I made the decision to keep the foundation's collection simple and narrow, focusing only on current and future variables. To reduce the complexity of the design and development process, I kept tokens and variables unambiguous and familiar to both engineers and designers. 

The foundation's collection was completed with accompanying documentation after nearly two months of dedicated effort involving thorough review, revision, and testing. 



ADDITIONAL WORK
01

Accessibility checks -I conducted accessibility checks on our colors, components, and text size against the WCAG A, AA, and AAA requirements

03

Variable Library- Our old designs did not support variable states and interactions. However, working with engineering and product partners provided exposure to varying contexts. 

02

Visualization Support- In addition to supporting the UI on the platform, I also created component libraries for visualization tools

PHASE 3

Building Components

The first set of components that were published were atomic components. By leveraging open-source tools, we were able to refactor existing components to conform with the changes made.

The composite components, on the other hand, required more processes. Because these components were more complex in nature, building them required constant testing and iteration to ensure that they adhered to industry patterns and guidelines.

As the only designer working on building the components, I sought a partner on the engineering team who was willing to commit extra time to ensure proper quality tests were conducted. 

We collaborated outside work hours to test components on our dev environment using smoke test data, allowing us to identify error states, missing variables, interaction issues, etc., before the component was published.

PHASE 4

Documentation

A crucial part of this process was active documentation.
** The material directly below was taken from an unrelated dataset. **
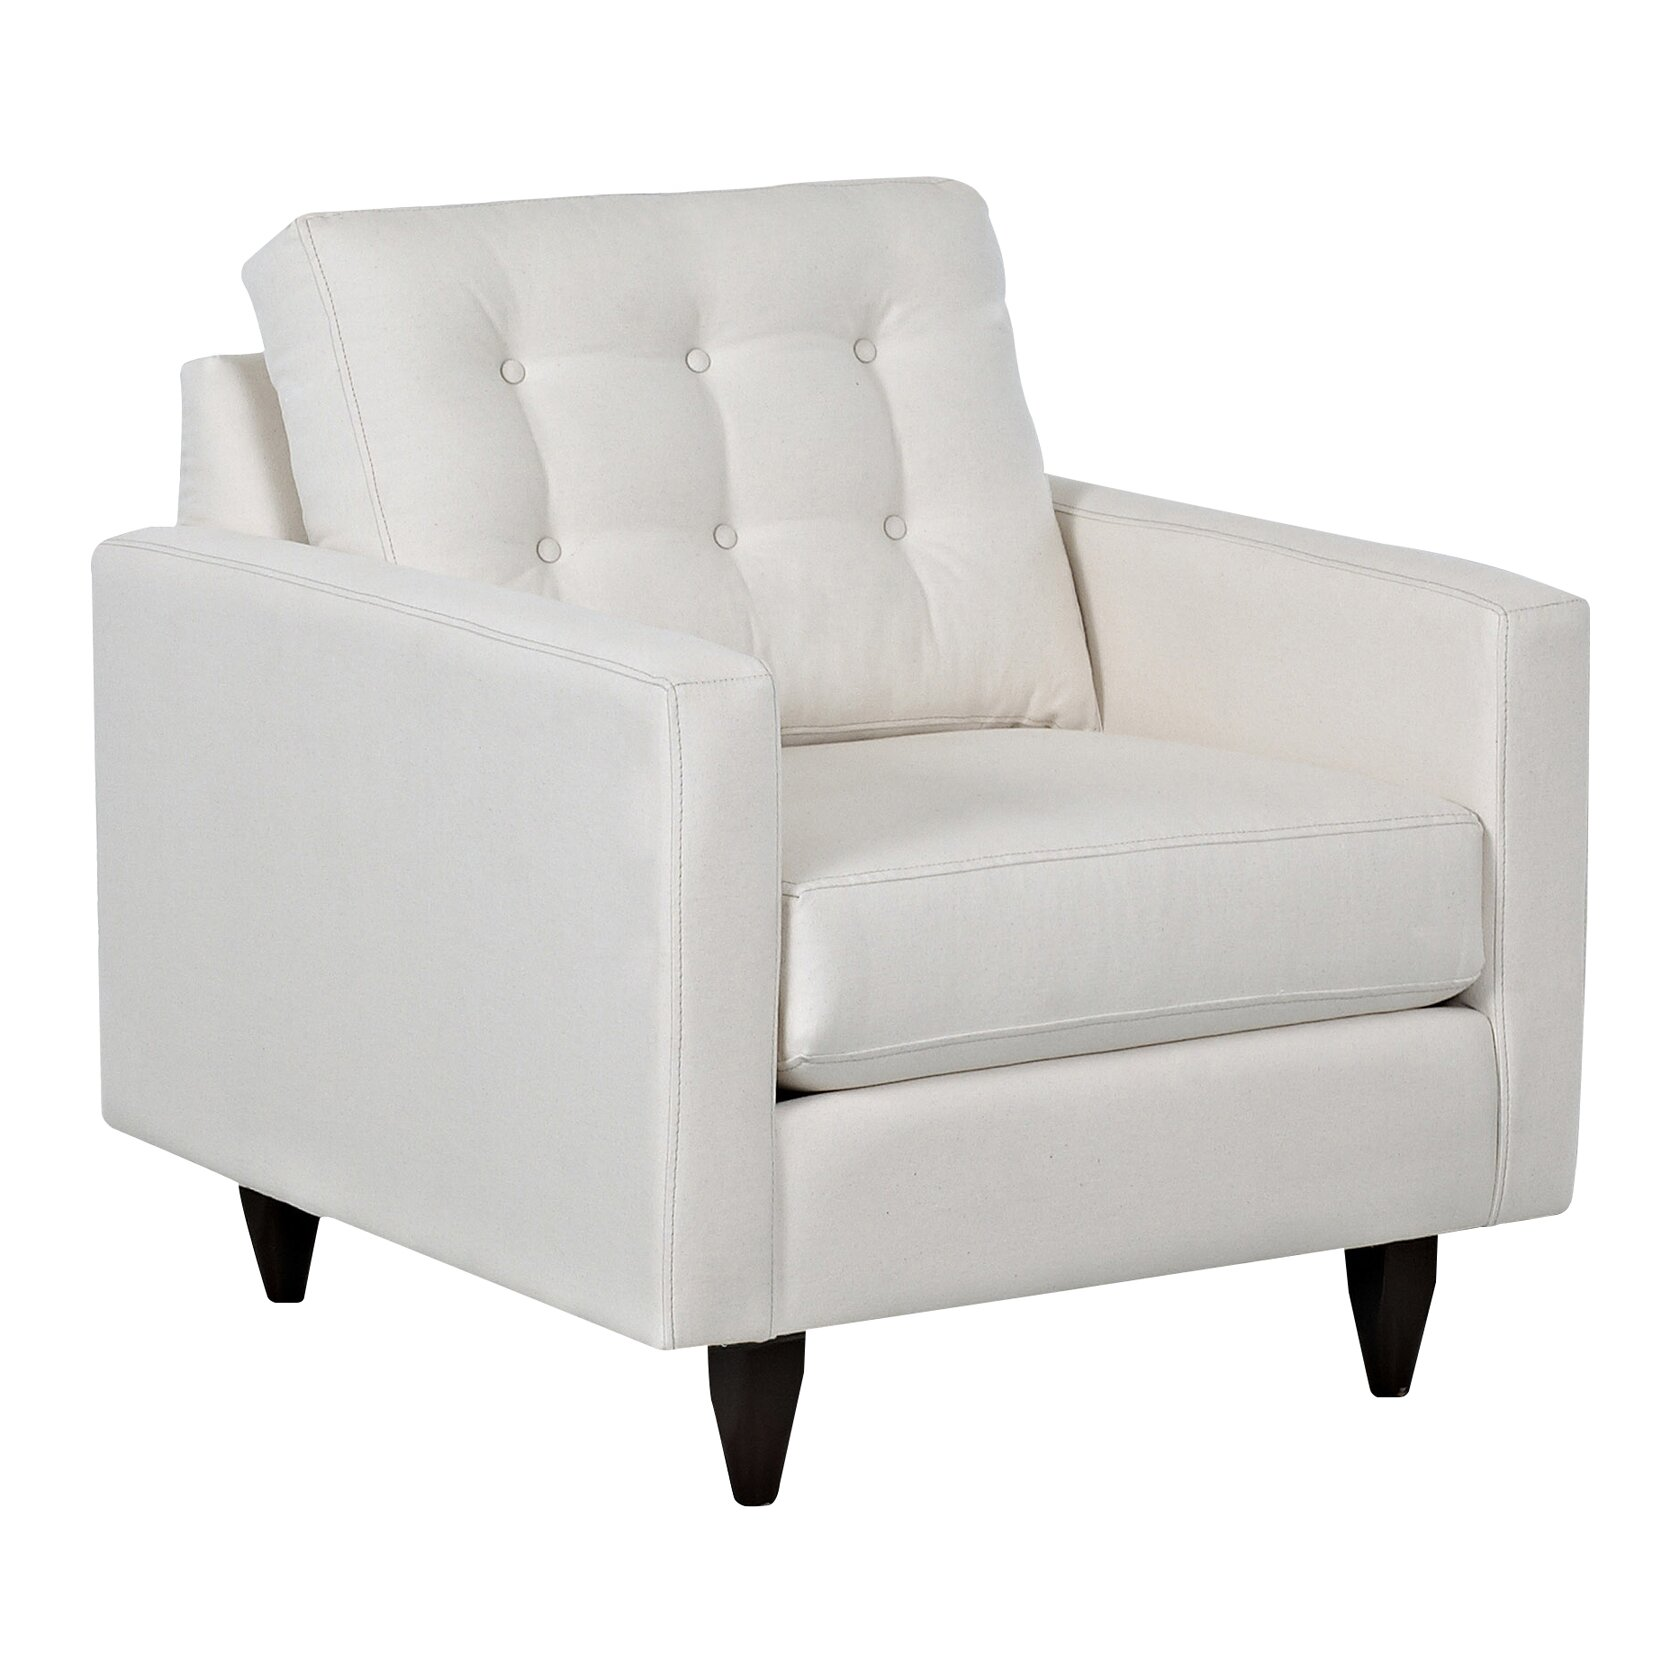 Wayfair Furniture Com: Wayfair Custom Upholstery Harper Arm Chair & Reviews

Because I had worked on the design system alone, I documented every rationale, pattern, and behavior of everything I had worked on. I also leveraged tools to provide engineering specifications and guidelines on building components and took ownership of the system's governance. 

PHASE 5

Deployment

After completing the designs and passing them to the engineering team, I updated our audit documentation to note the release of any new atomic and composite components.

This allowed effective monitoring and governance of progress and change.

I decided to postpone major updates, such as changes to text styles, colors, and button designs. These significant changes could potentially disrupt the user experience, so the plan was to introduce them at a later release cycle. This careful rollout strategy requires additional resources to ensure a seamless transition for our users.

RESULTS

How did the design system impact stakeholders?

Design

Efficiency - The design team experience a 50% reduction in turn around time from 2 weeks to 1 week. The design system allowed us to create artifacts that were standardized and consistent.

Resources - In addition, we improved the quality of design resources. The design system allowed us to create well fleshed out wireframes, interactive prototypes, and style guides.  

Product Mapping - Lastly, implementing our design system enabled us to discern different feature states, empowering design to comprehensively grasp the product flow and user experience.

Product

Reduction in JIRA tickets - There was a 60% reduction in the number of JIRA tickets created during testing that were related to the UX and UI of the platform.
  

Engineering

Efficiency - Not only did engineering record spending less time building components, development also became more efficient due to clearly defined reusable components.

Autonomy - Engineering now had access to accessible libraries with contribution guidelines.

Scalability - The codebase had a stable foundation to support new product lines and features.